Dinu Lipatti nie pozostawił niestety wielu nagrań, a te które się zachowały są złej jakości. Bardzo utrudnia to głębsze wejrzenie w jego kunszt pianistyczny, a musiał być on niezwykły, skoro kiedy już był chory i zachodziła obawa, że nie będzie w stanie dokończyć występu, na wszelki wypadek w kulisach czekał by go zastąpić sam Nikita Magaloff.

W wieku trzydziestu lat Lipatti nieuleczalnie zachorował. Mimo to wciąż dawał koncerty. Podczas ostatniego, na dwa miesiące przed śmiercią, nie mogąc już podołać trudnościom technicznym chopinowskiego walca, żegnając się z publicznością i opuszczającym go życiem zagrał kantatę Bacha Jezus moją radością.

Styl Lipattiego przypomina trochę styl Rubinsteina, choć sam Rubinstein powiadał o sobie, że gra Chopina jak Mozarta, a prawdziwy Chopin to Lipatti. Niewątpliwie Chopin Lipattiego, choć także wyważony i spokojny, okazuje się bardziej melodyjny i śpiewny. Płynie niczym muzyka sama; nieskazitelny, roztańczony i doskonały. Wielu dopatrywało się w tym reinkarnacji samego Chopina, ale tego oczywiście wiedzieć nie możemy. Tak czy inaczej te właśnie wykonania Walców uchodzą za wzorcowe.

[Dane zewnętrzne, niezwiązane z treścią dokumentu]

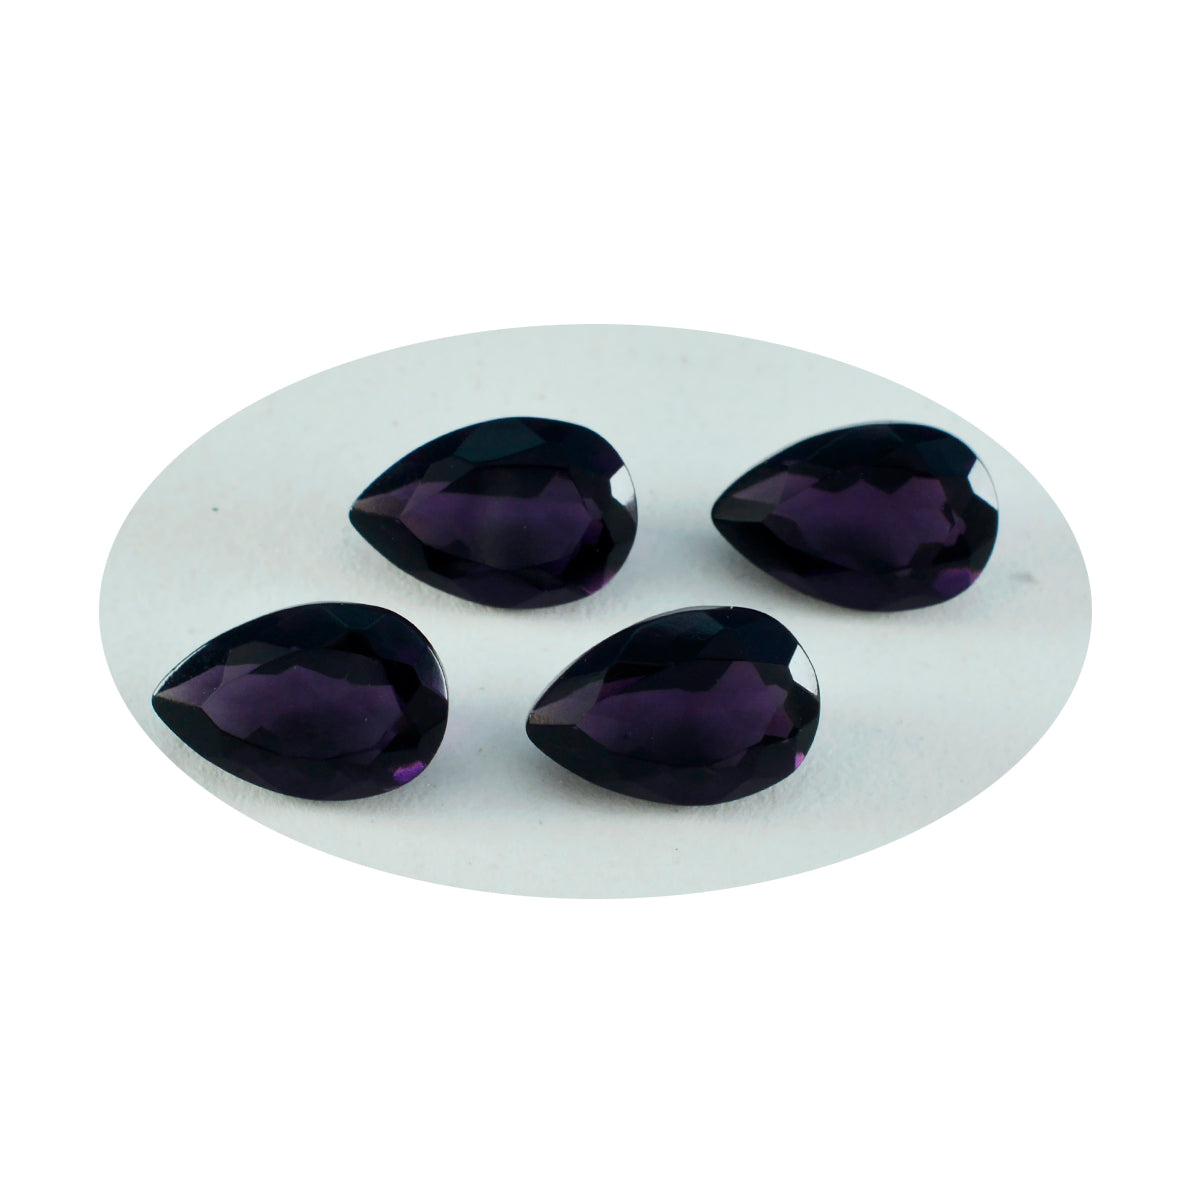 Riyogems 1 pieza de amatista púrpura CZ facetada 10x14 mm forma de pera A+1 piedra suelta de calidad

Nie umiem powiedzieć, czy nie jest to czasem jedynie wpływem słabej jakości nagrań, ale mnie Lipatti wydaje się często jakiś nieobecny, ezoteryczny i nierealny. Gra jakby faktycznie przychodził z innego wymiaru i rzeczywiście był darem niebios, tylko na chwilę w bycie ziemskim na jego ozdobę bytującym.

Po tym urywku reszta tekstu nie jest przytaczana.